Mint Chip Chocolate Cookies
Mint has always been a flavor that has captivated my palate. However, despite this longstanding love affair, mint was rarely used in the sweets my mom prepared when I was young. This lead me to believe that items with mint components were incredibly exotic and that it must require Herculean efforts to impart that cool flavor to one’s dishes. In fact, my sister and I still use the term “have to juice the mint leaves” when referring to simple tasks that appear to be deceptively laborious.
Luckily, it turns out that making a delicious mint desert can be as simple as adding a few high quality mint chocolate chips to the recipe.
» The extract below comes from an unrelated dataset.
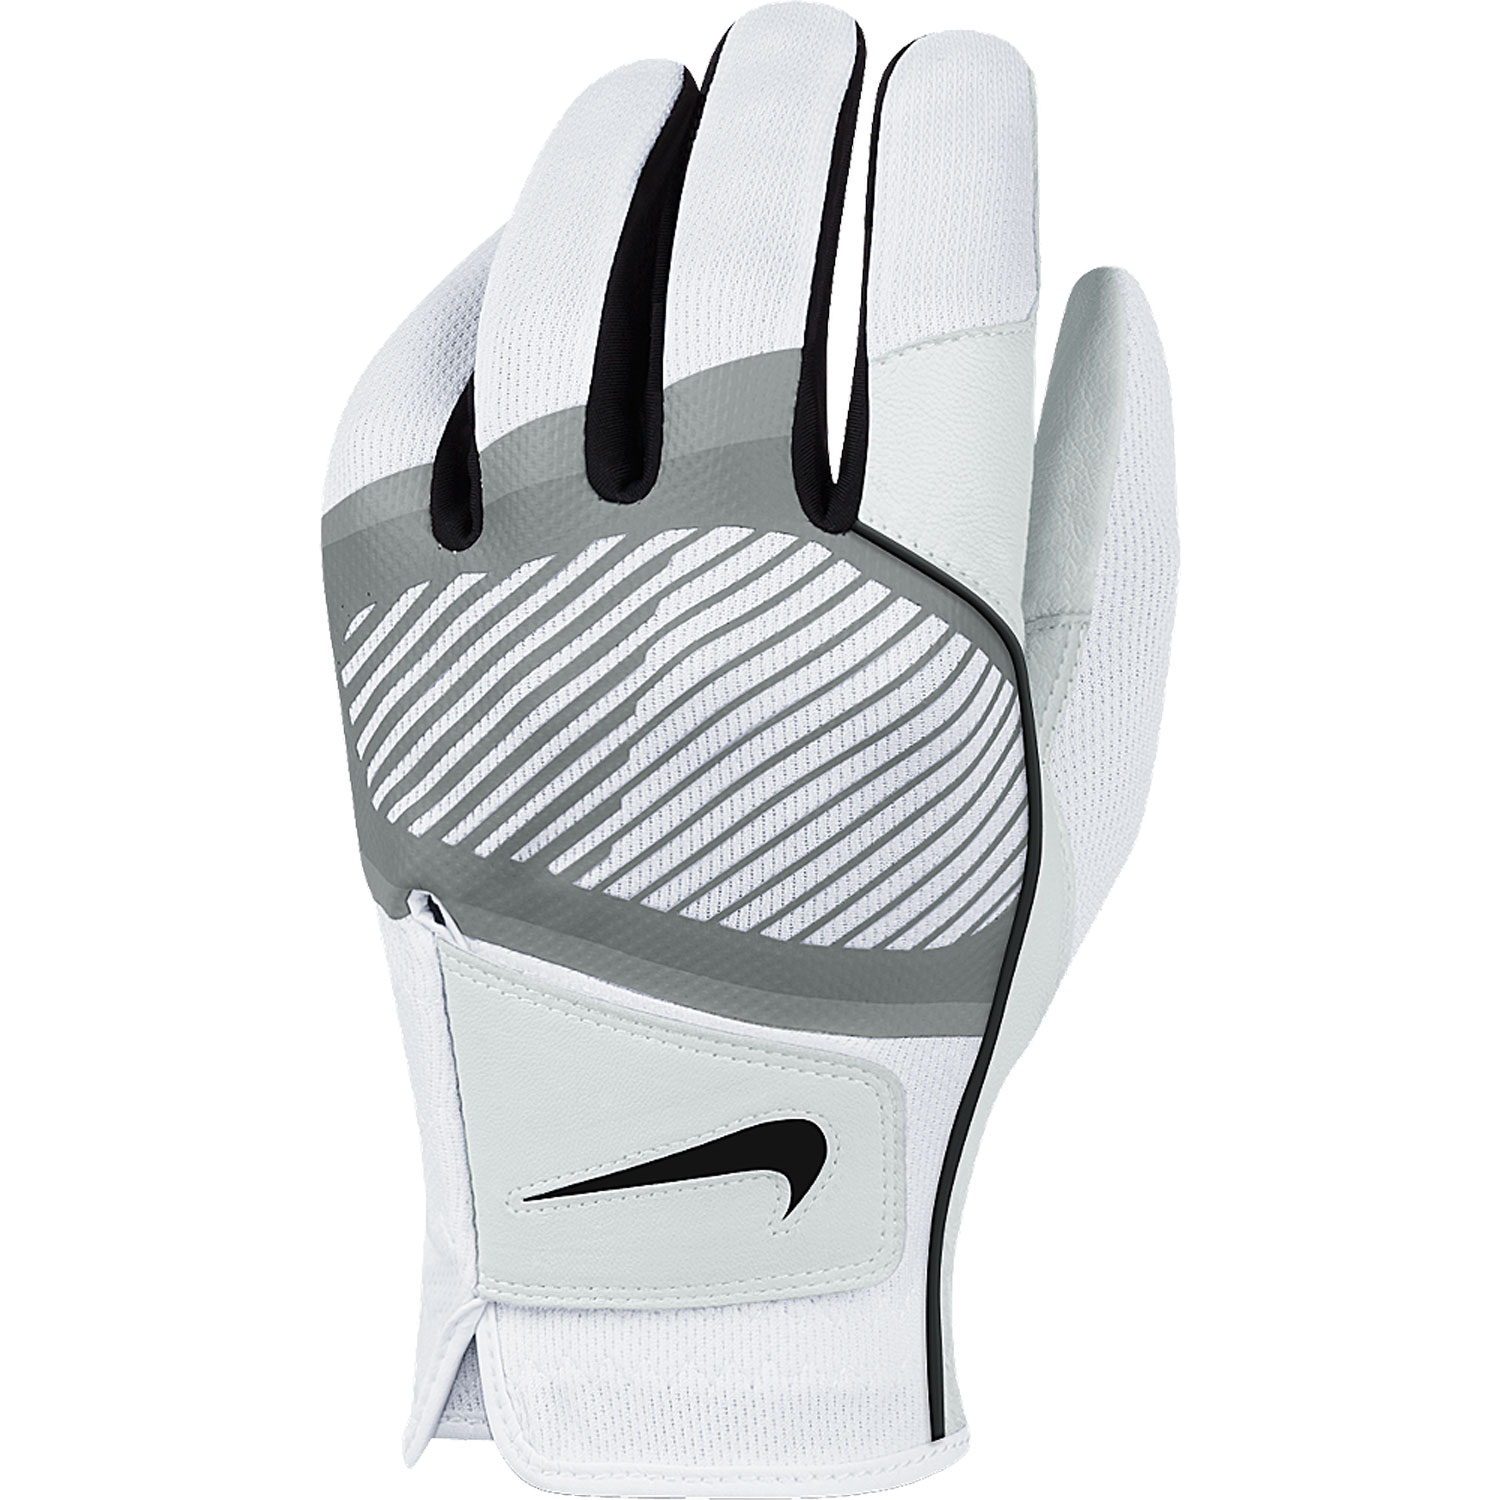 Dura Feel Golf Glove White/Black/Cool Grey Male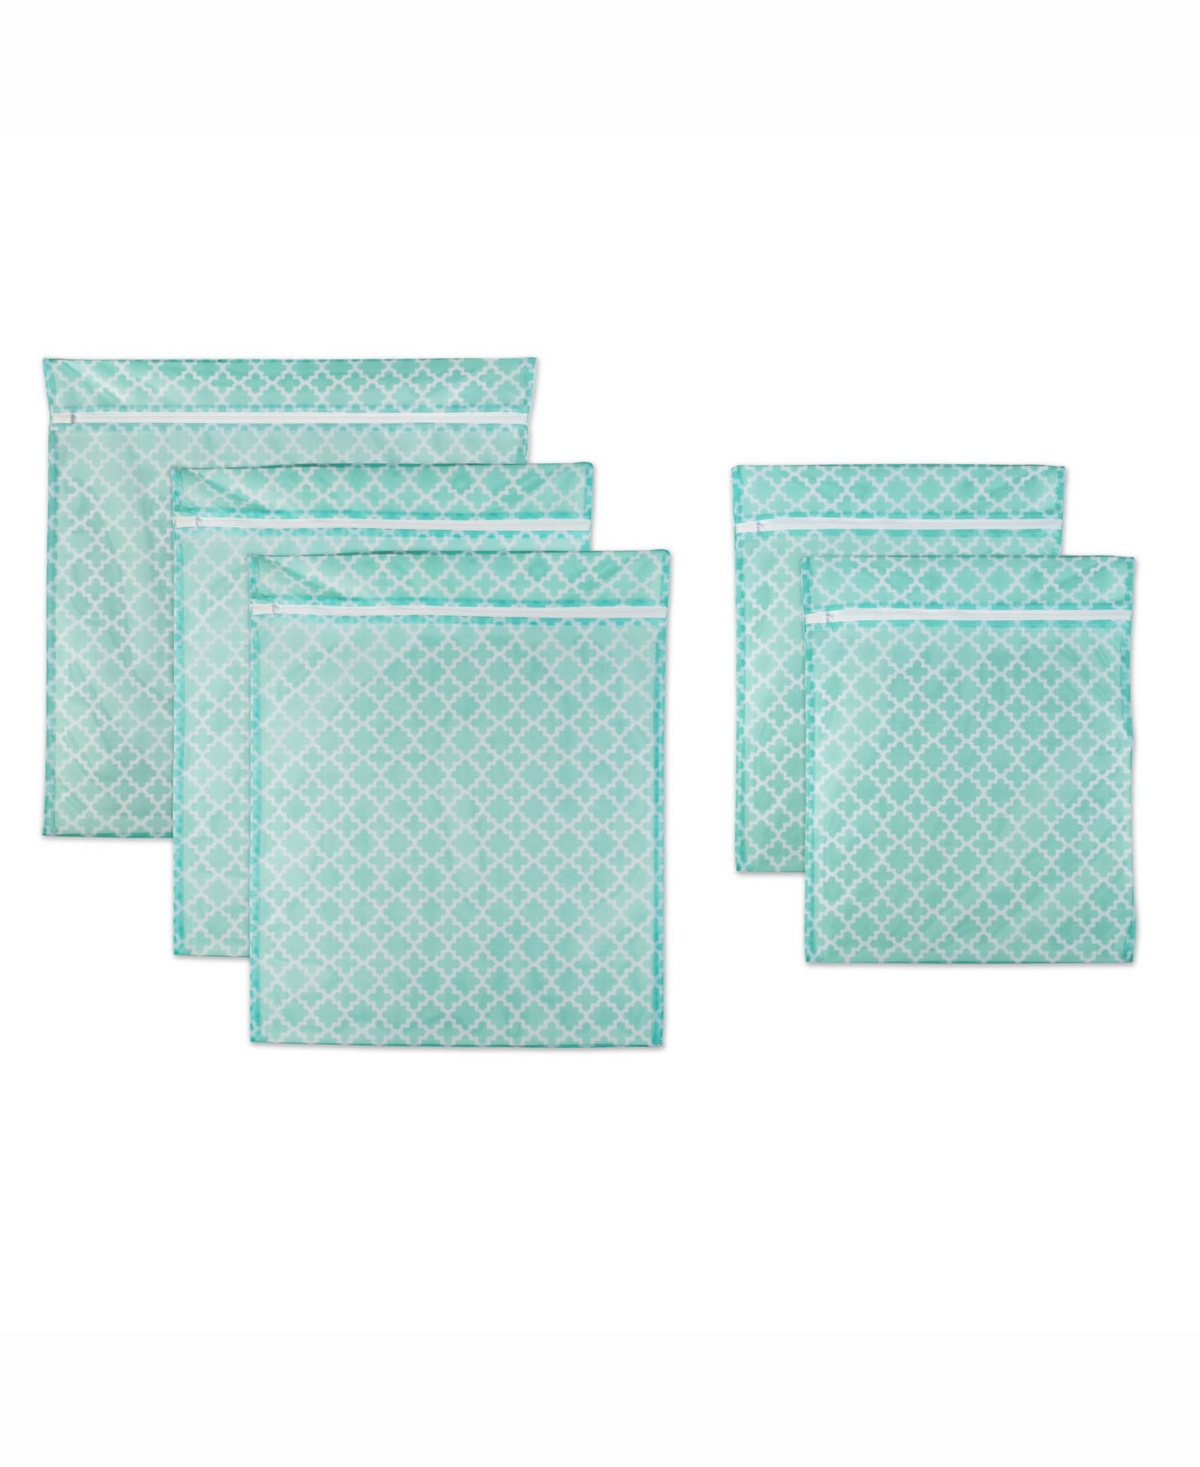 Design Import Lattice Set G Mesh Laundry Bag, Set of 5 - Turquoise

Add a couple cups of Guittard green mint chocolate chips to a chocolate cookie recipe and you will have a mint cookie to rival the devil-spawned (that is to say, unnaturally delicious), cocaine laden wafers purveyed by any girl scout.
Polka Dot Cookies Recipe
Adapted from the recipe from the back of the Guittard Green Mint Chips bag.
2 cups semisweet chocolate chips
½ cup butter
1 ½ cups all-purpose flour
½ teaspoon baking soda
1/8 teaspoon salt
3 large eggs
½ cups sugar
2 teaspoons vanilla
1 teaspoon coffee
2 cups (1 12 oz bag) Guittard Green Mint Chips
Preheat your oven to 350oF.
Add the semisweet chips to a microwave safe bowl and heat for one minute in the ole ‘wave. Stir the chocolate and microwave for another minute. Add the butter to the chocolate and stir together until it is all melted evenly (the butter and chocolate may require an additional minute in the microwave together).
When the chocolate and butter is smooth, set it aside and combine the flour, baking soda and salt.
In a large bowl, or in the bowl of a stand mixer, beat eggs, sugar, vanilla and coffee until smooth and light. Add the dry ingredients to the mix until everything is evenly incorporated into the batter. Fold in the green mint chips, cover the bowl with plastic wrap and place everything into the refrigerator to chill for 15 minutes.